On April 23, 2026, the Acting Attorney General issued a Final Order reclassifying cannabis for medical use from Schedule I to Schedule III under the Controlled Substances Act (“CSA”). The Final Order does not apply to adult-use cannabis which remains classified as a Schedule I controlled substance. The Final Order, effective as published in the Federal Register on April 28, 2026, establishes an expedited registration process for state medical licensees and indicates that registered state medical licensees would no longer be subject to Section 280E following the effective date of the Final Order. Additionally, the Final Order recommends to the Secretary of the Treasury that retrospective 280E relief be granted to licensees in line with their state medical license start dates. Separately, the Attorney General withdrew the pending hearing related to the proposed rulemaking notice issued in 2024 and instituted a new expedited hearing process starting on June 29, 2026 addressing both medical and adult-use cannabis. The IRS has publicly indicated that, for Section 280E purposes, forthcoming guidance regarding the impact of rescheduling may include a transition rule allowing rescheduling relief to apply beginning with the taxable year that includes the effective date of the Final Order for activities no longer involving Schedule I or II substances; however, formal IRS guidance has not been issued yet. The ultimate impact of these developments, including the potential impact on previously recorded uncertain tax positions, remains uncertain and subject to ongoing evaluation due to the complexity of the evolving regulatory and tax environment. Accordingly, the Company is continuing to assess the potential financial statement impacts and is unable to reasonably estimate the ultimate effect at this time.

 

On June 30, 2025, the Company, together with TerrAscend Corp.'s consolidated entities, announced its intention to sell or divest substantially all of the Company's Michigan assets, the majority of which were classified as discontinued operations as of such date.

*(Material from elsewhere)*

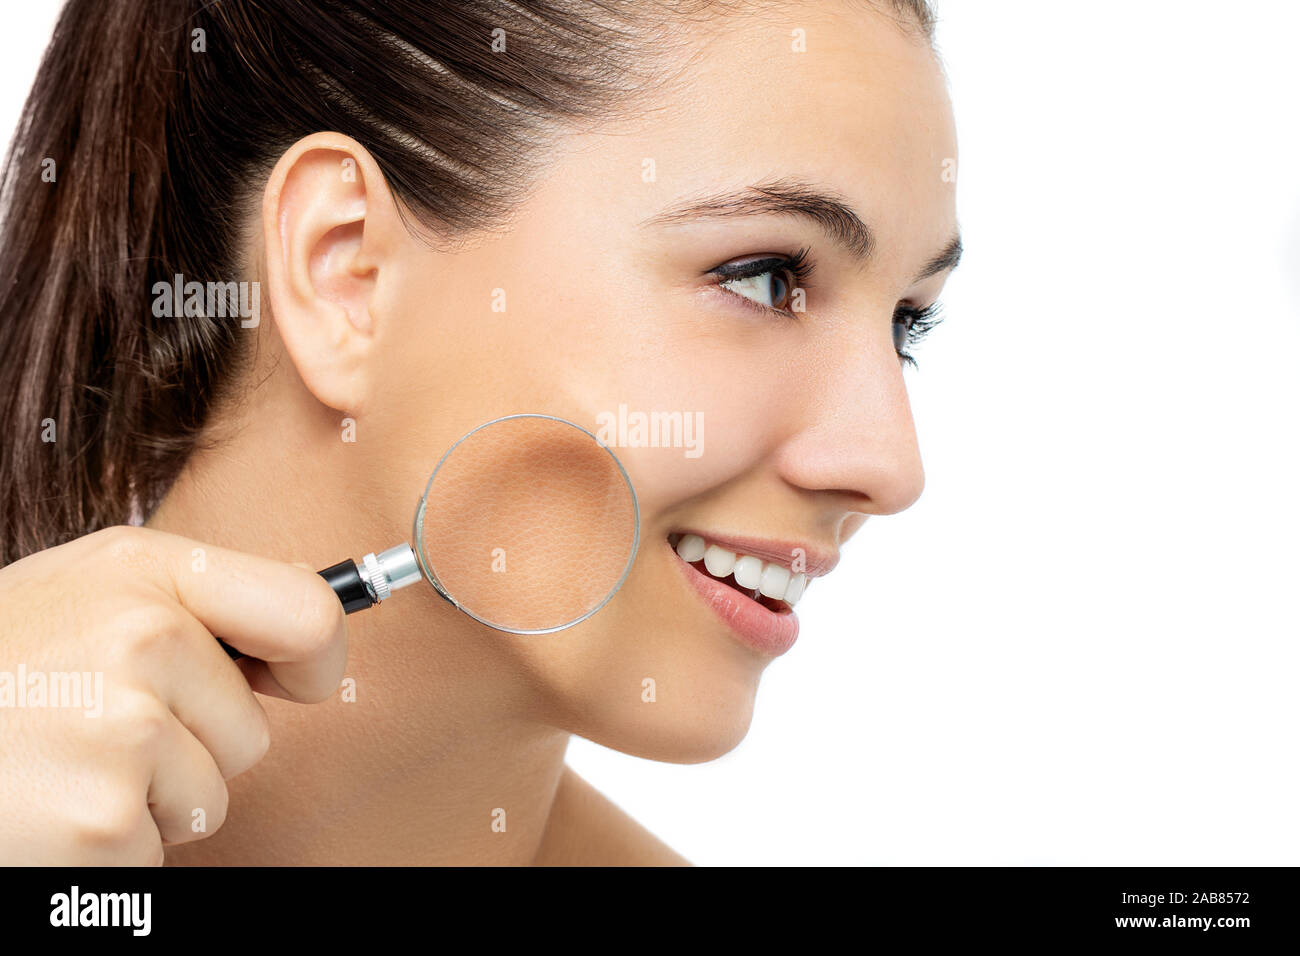 Conceptuel Close up portrait of young woman holding magnifying glass contre joue. Par rapport à la peau rugueuse de la peau lisse sur le visage. Banque D'Images

In connection with the above, on May 5, 2026, the Company's primary lender filed an application for receivership in Michigan, and the related Michigan entities stipulated to the appointment of a receiver. On May 6, 2026, the court entered an order appointing a receiver over the Michigan entities. These events are limited to the Company's Michigan entities and do not impact the Company's continuing operations. The Company is evaluating the accounting impact of the receivership, including its effect on the Company's consolidation of the related Michigan entities in accordance with ASC 810, Consolidation. For further information, refer to Item 5. "Other Information" in this Quarterly Report on Form 10-Q.